-------- Source data

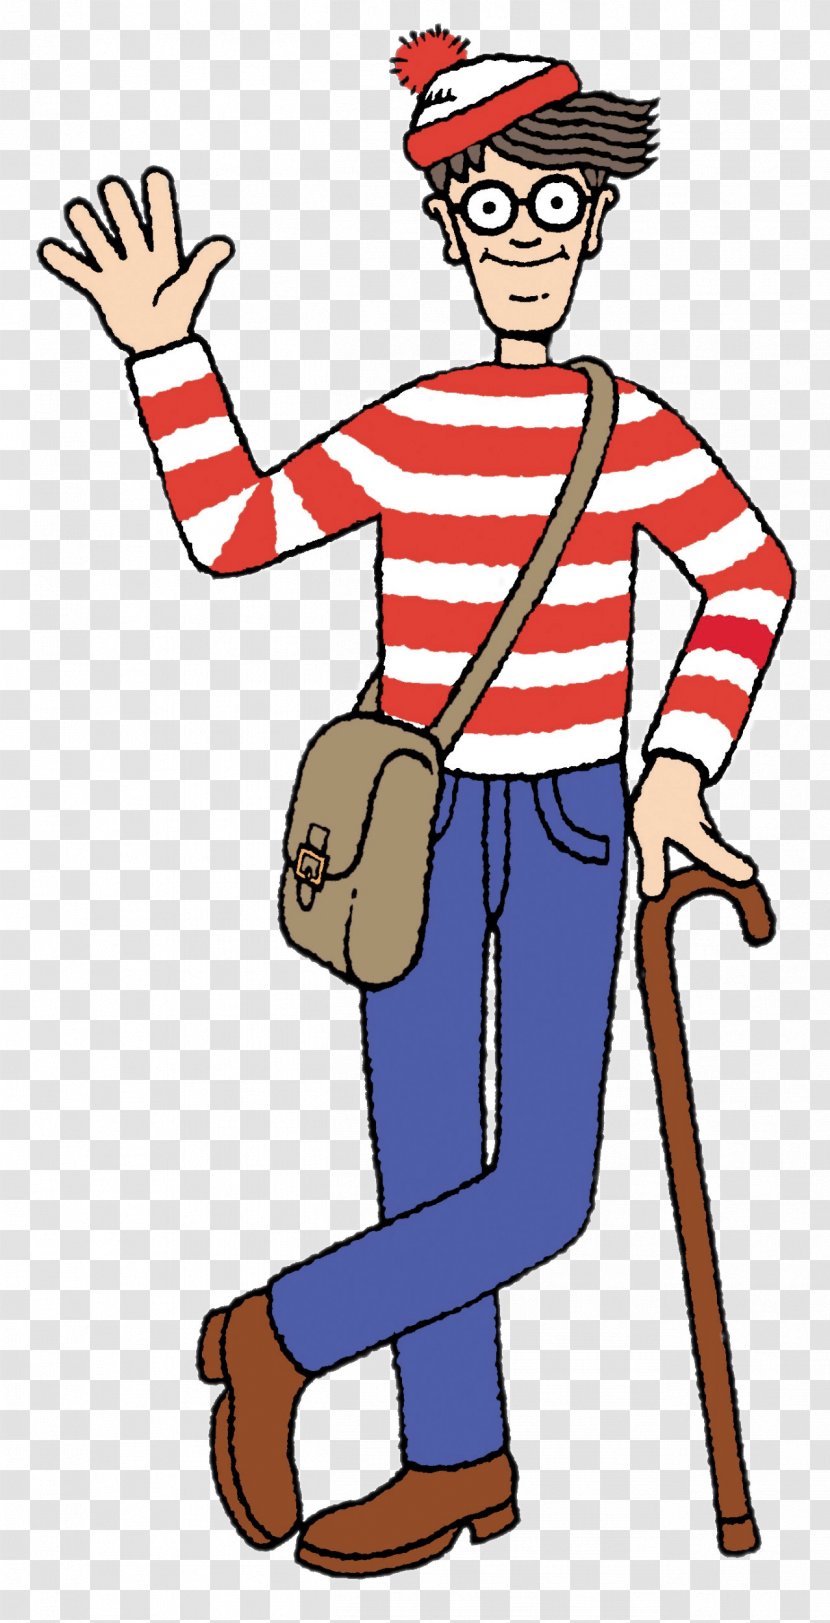 Where's Wally? United Kingdom Children's Literature Book Game - Walker Books - Goodbye Transparent PNG
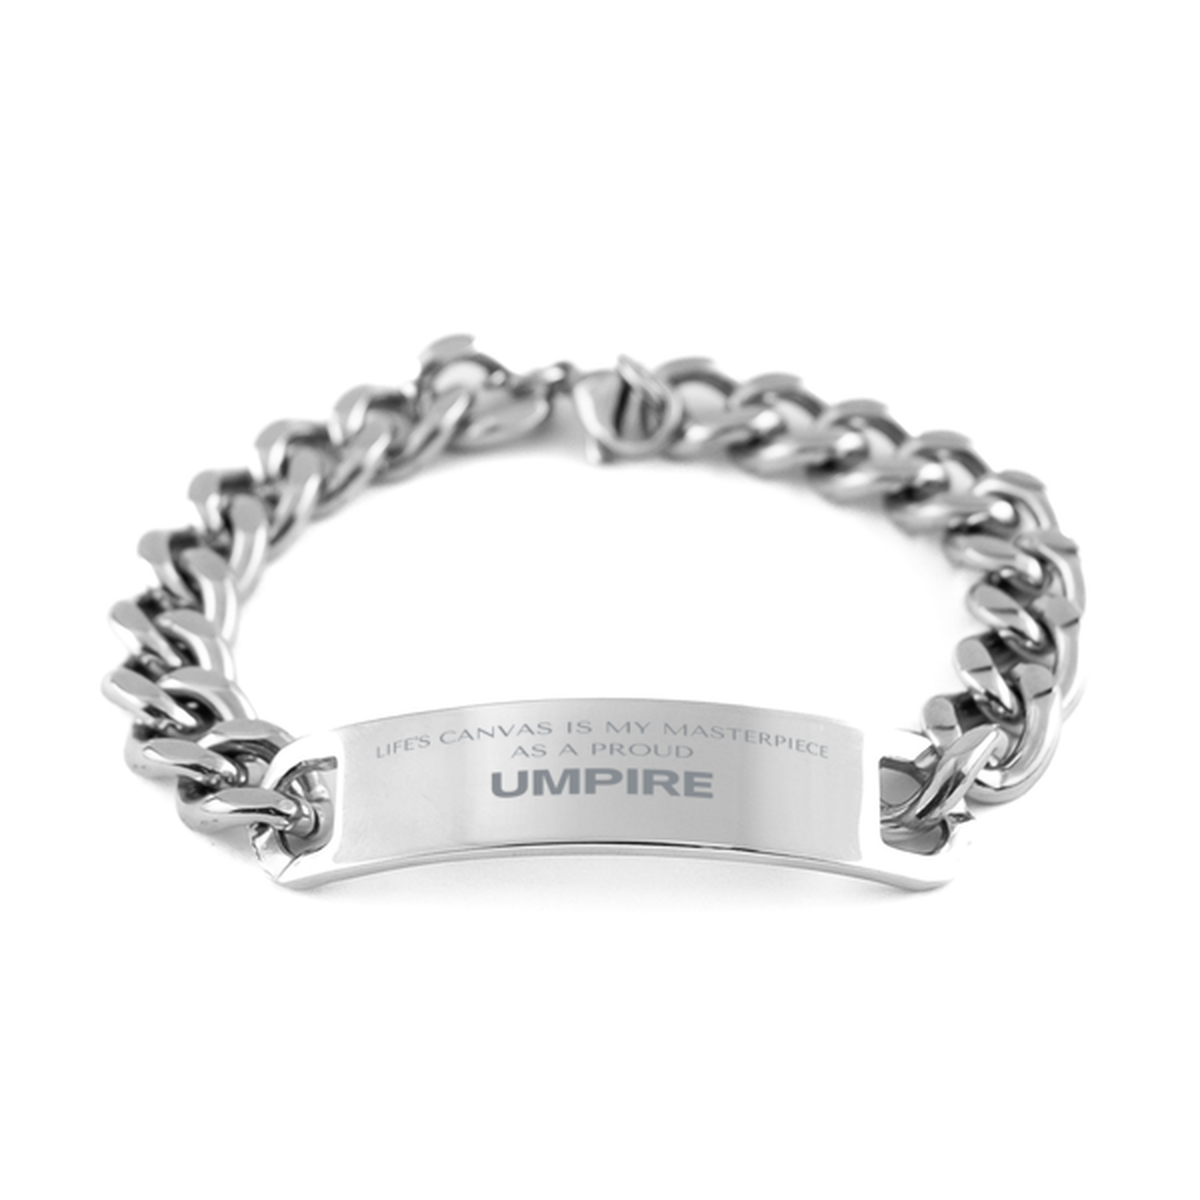 Proud Umpire Gifts, Life's canvas is my masterpiece, Epic Birthday Christmas Unique Cuban Chain Stainless Steel Bracelet For Umpire, Coworkers, Men, Women, Friends
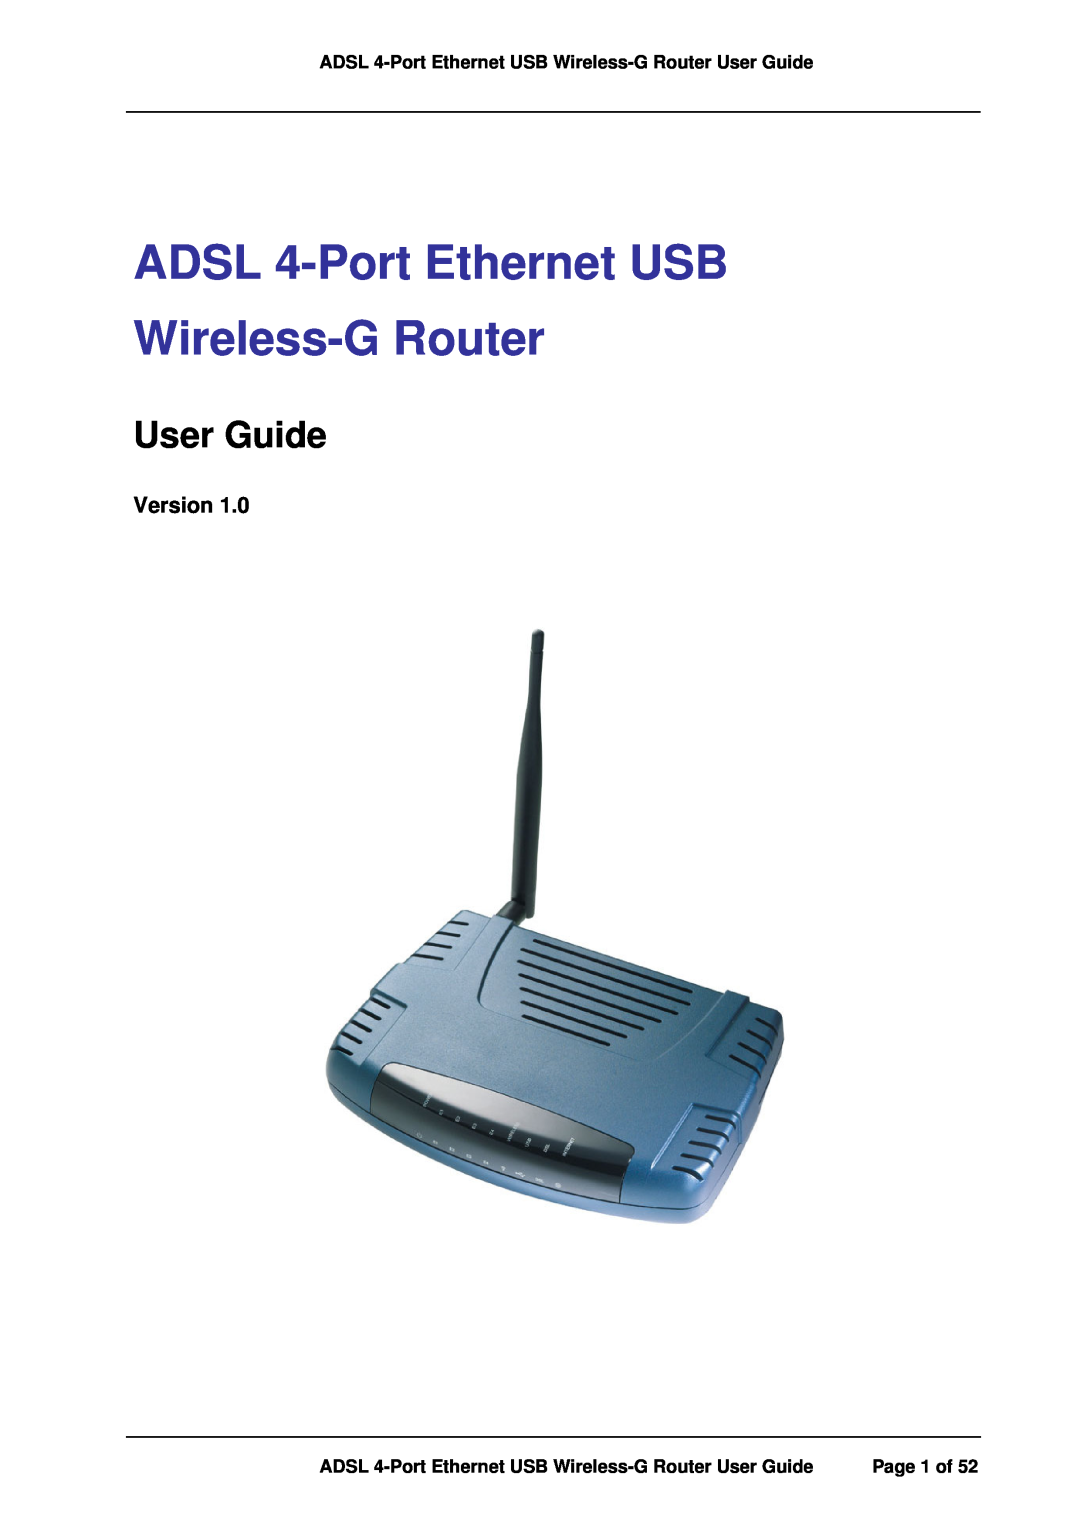 APC manual ADSL 4-Port Ethernet USB Wireless-G Router, User Guide, Version, Page 1 of 
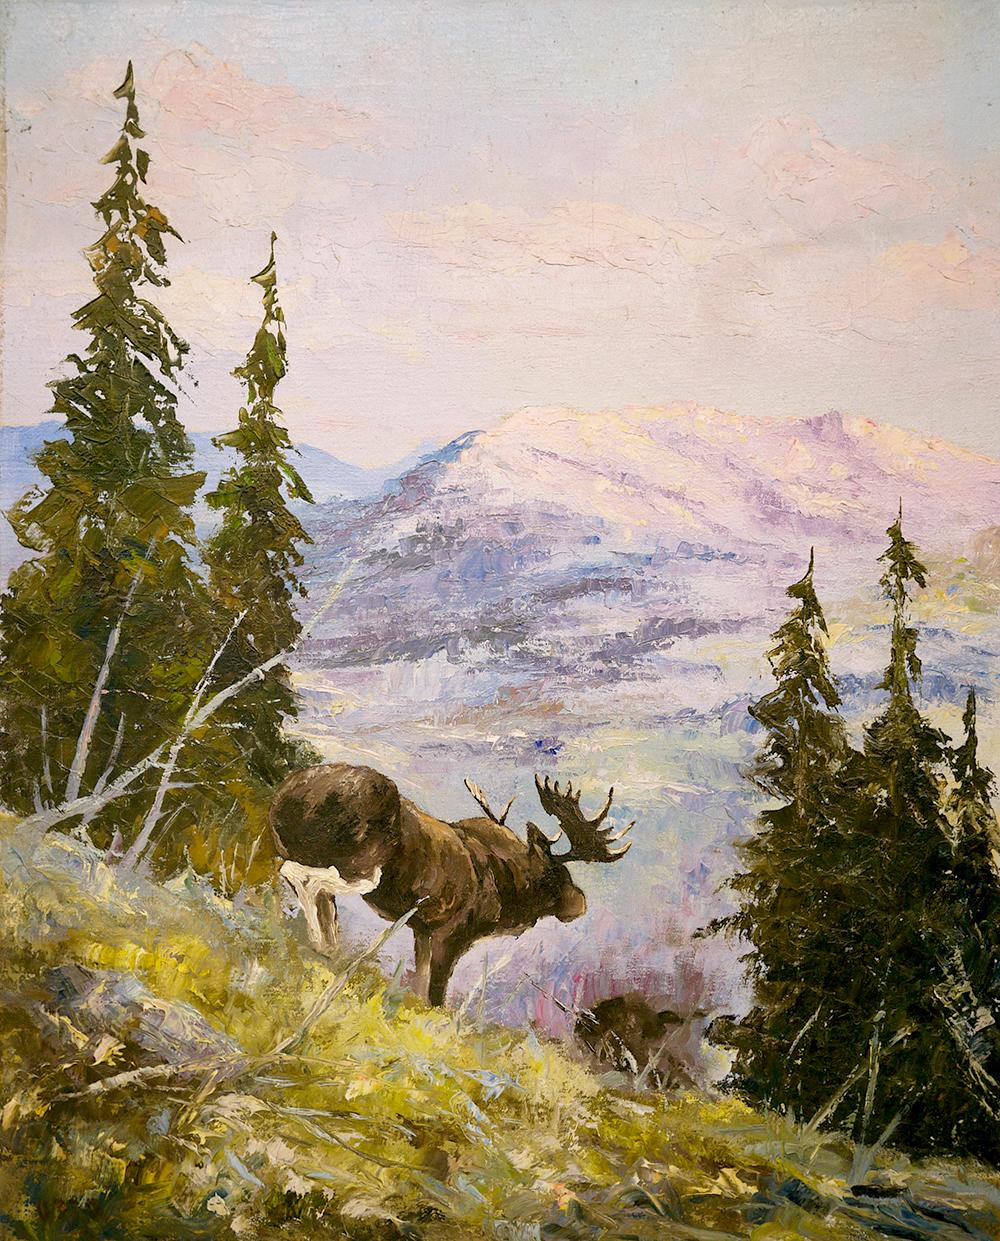 Rocvky Mountains landscape with Moose 

50 x 40 cm (dimensions referring to the painting only).
Oil painting on canvas.

Painting depicting a moose in the Rocky Mountains.

The painter captures a natural glimpse, among the mountain fir trees,
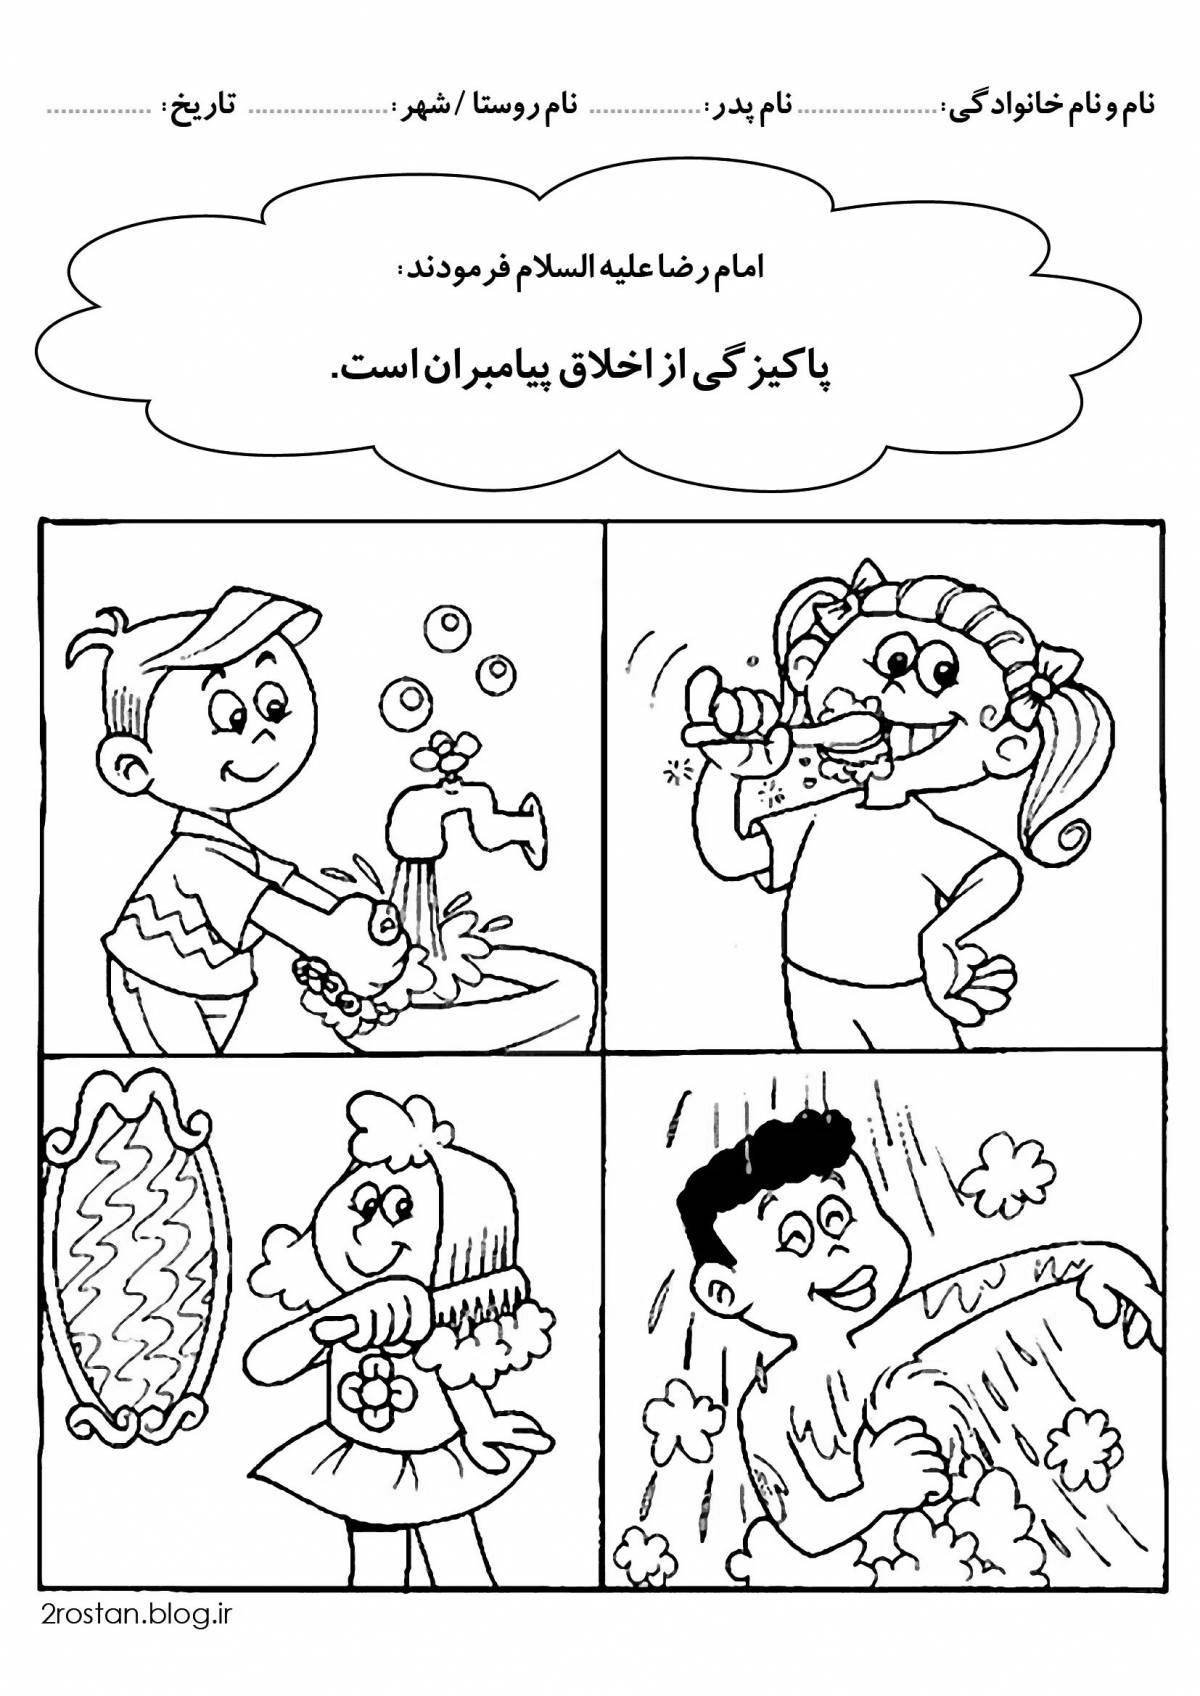 Colorful hygiene coloring page for beginners

----------------

◆ **What you have to do**: Copy exactly the lines from the line containing "Rocvky Mountains landscape with Moose" through the last line of the records above, both included, and leave out any pictures.

◆ **Reply to the task**:
 Rocvky Mountains landscape with Moose 

50 x 40 cm (dimensions referring to the painting only).
Oil painting on canvas.

Painting depicting a moose in the Rocky Mountains.

The painter captures a natural glimpse, among the mountain fir trees,
 Colorful hygiene coloring page for beginners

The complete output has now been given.